To summarize, the contribution of this paper is threefold:
We propose a novel geometric formula, which jointly models the perspective geometry relationships of multiple 2D/3D elements predicted from the deep monocular 3D objection network, providing strong geometric constraints for learning the 3D detection network.
We implement the proposed geometric formula in neural network as a module, which can be leveraged to guide the representation learning for boosting the depth estimation to significantly advance the performance of the monocular 3D object detection.
We provide a simple yet strong baseline through dealing with the misalignment between 2D projected boxes and 2D annotation boxes, which achieves 13.37% on the moderate of the KITTI val set.
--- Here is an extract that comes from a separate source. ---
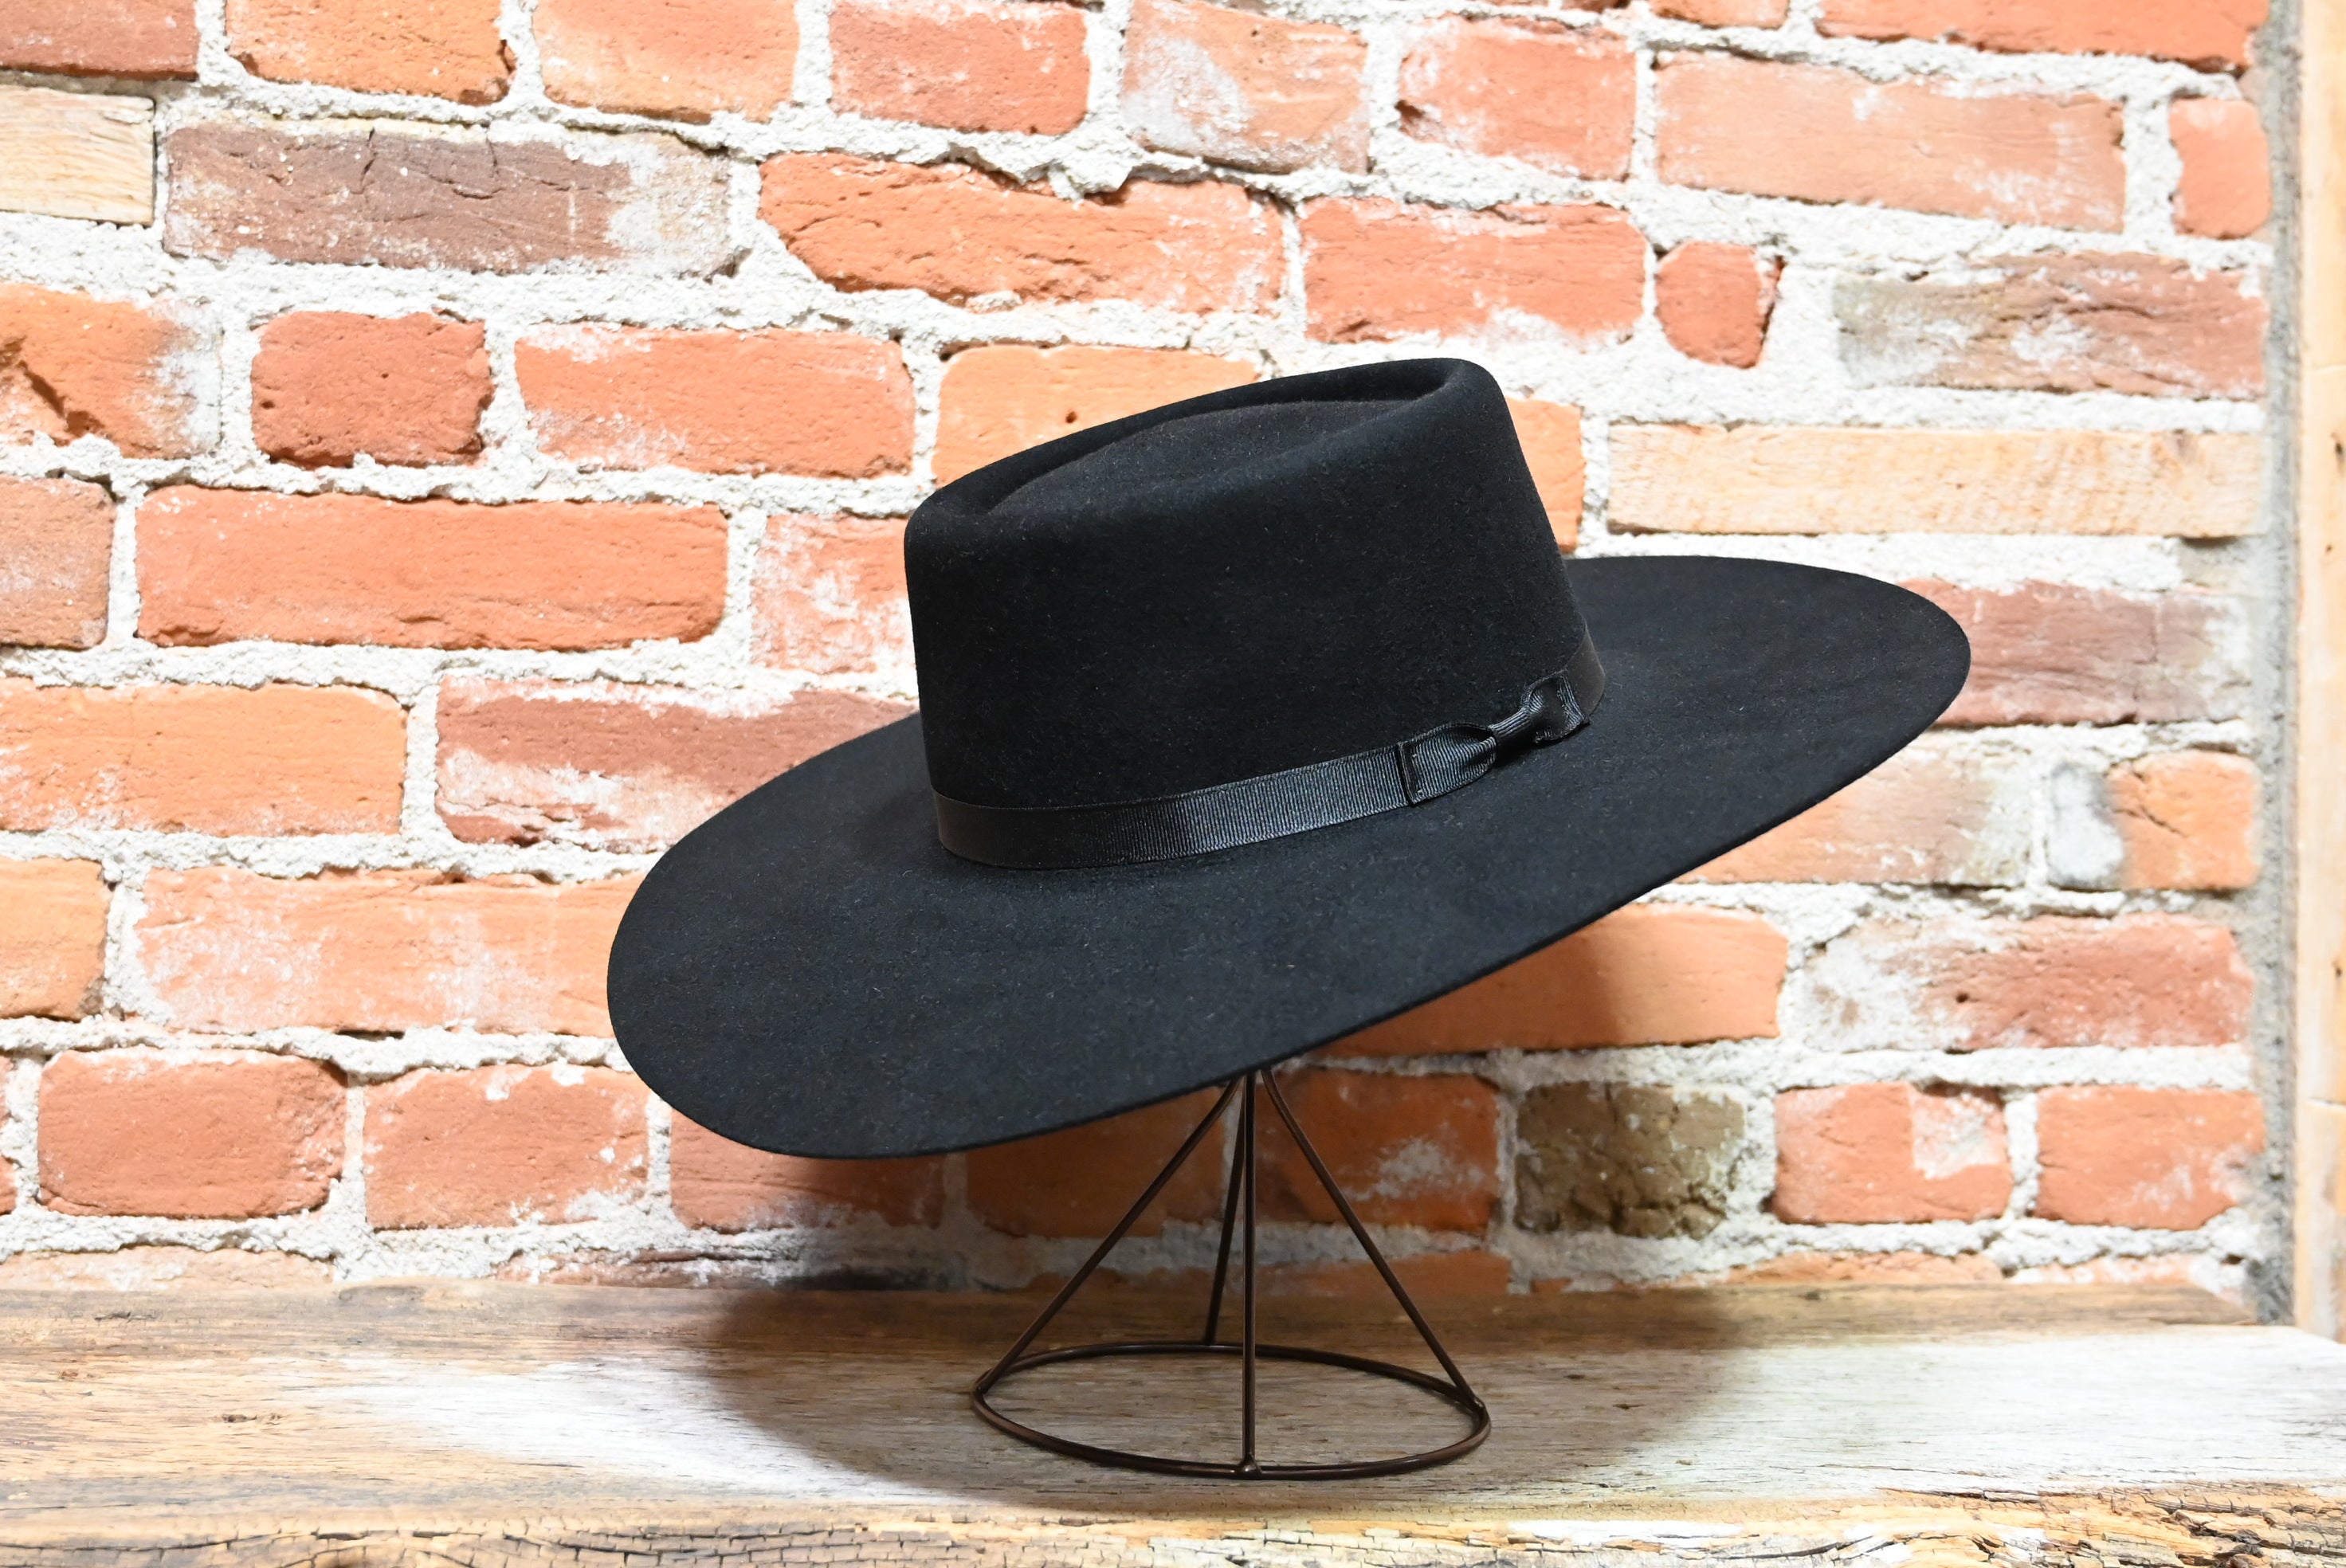 Serratelli 8x Nevada Flat in Black Hat Size 7 5/8

We expect our baseline will be beneficial for the community in future research on monocular 3D object detection.
Extensive experiments conducted on the challenging KITTI  dataset clearly demonstrate the effectiveness of the proposed approach and show that our method achieves 13.81% in terms of the metric, which is 2.80% absolute improvement over the state-of-the-art of the monocular 3D object detection on the moderate setting of the KITTI test set for the car category.
2 Related Work
There are two groups of works closely related to ours, monocular 3D object detection and geometry-guided 3D object detection.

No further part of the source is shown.